May I ask you an Exam question for the diet of Jun 2015? It’s the question number 4.
The following is the briefing:
A plant of carring amount of $248,000 at 1 Apr 2014.
The depreciation rate is 12.5% on a reducing balance.
The estimated net cash flows for the next three years discounting to the present is $214,600.
On 1 Apr 2015, offer to buy the plant is $200,000.The solution is:
Carrying amount at 1 Apr 2015: $248,000 – $248,000 * 12.5% = $217,000
The estimated net cash flows discounted to the present value (recoverable amount): $214,6000We choose the lower of the amount: $214,600
Then we choose the higher of the recoverable amount $214,600 which is the value in use and the fair value less any costs of disposal $200,000, reaching the value of $214,600 as the asset value in the state of financial position at 1 Apr 2015.
It seems to me that the first choice is the application of revaluation model, and the second choice is the application of impairment, but why this precedent? Why not the reverse application?

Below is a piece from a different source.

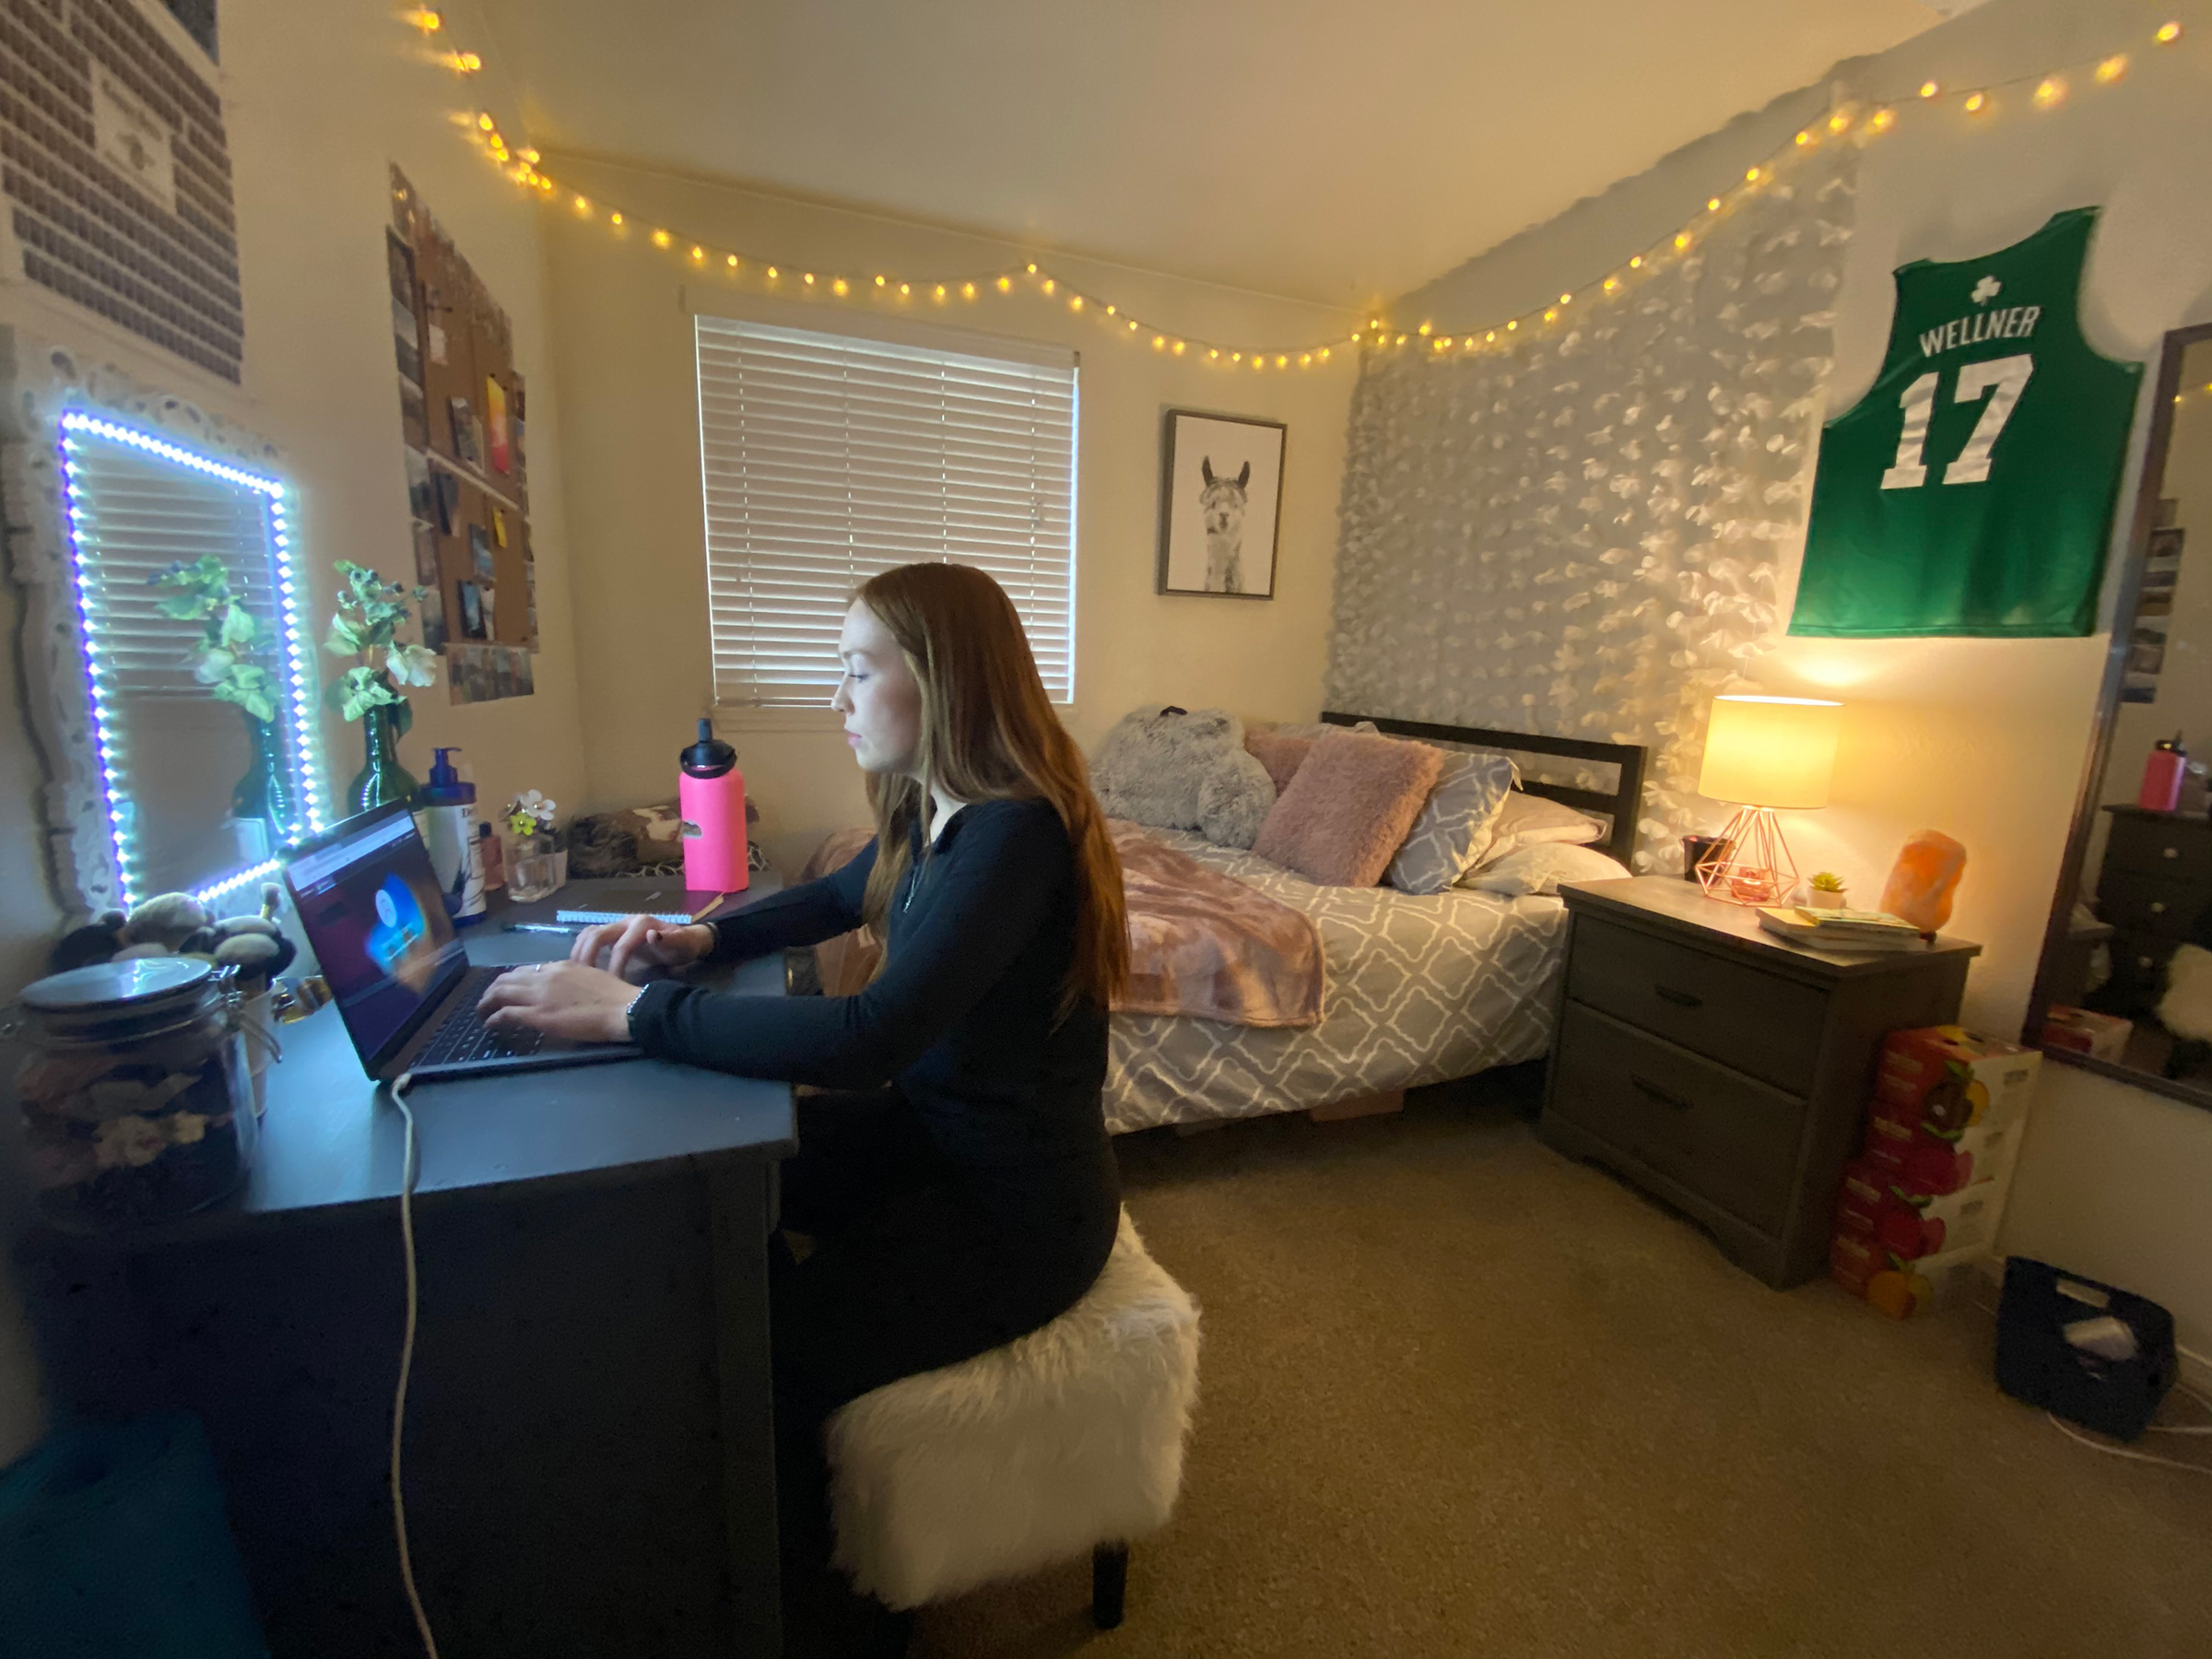 Molly Wellner, a student at Washington State University in Pullman, Wash., at her desk in her off-campus housing. Wellner and her roommates all tested positive for COVID-19 this fall (Courtesy Molly Wellner)

And another thing, I feel the question and the presented solution is confusing. The three years net cash flow is discounted to present, which I assume is at 1 Apr 2014, but then the Examiner takes this figure to compare against the carrying amount one year’s later at the 1 Apr 2015, and then he choose the lower amount that is the discounted net cash flow $214,600. Isn’t that wrong?
Thank you.
March 1, 2016 at 10:10 am #302773I’m confused!
It looks to me like you’ve selected $214,600 too early! “We choose the lower of the amount: $214,600” seems to me to be in the answer too early
Take the $248,000, depreciate for one year to March 2015 and arrive at carrying value of $217,000
Recoverable amount at March 2015 is higher of $200,000 resale value and $214,600 present value
Select $214,600 as the higher of these two
Compare $214,600 with carrying value of $217,000 and impair carrying value by $2,400
(Why did you assume that the “net cash flow discounted to present” was as at 1 April, 2014? The depreciation rate is given for you to calculate depreciation for the year ended 31 March, 2015. The offer to buy the plant is at 1 April, 2015. So why do you think the present value of value in use is as at 2014?)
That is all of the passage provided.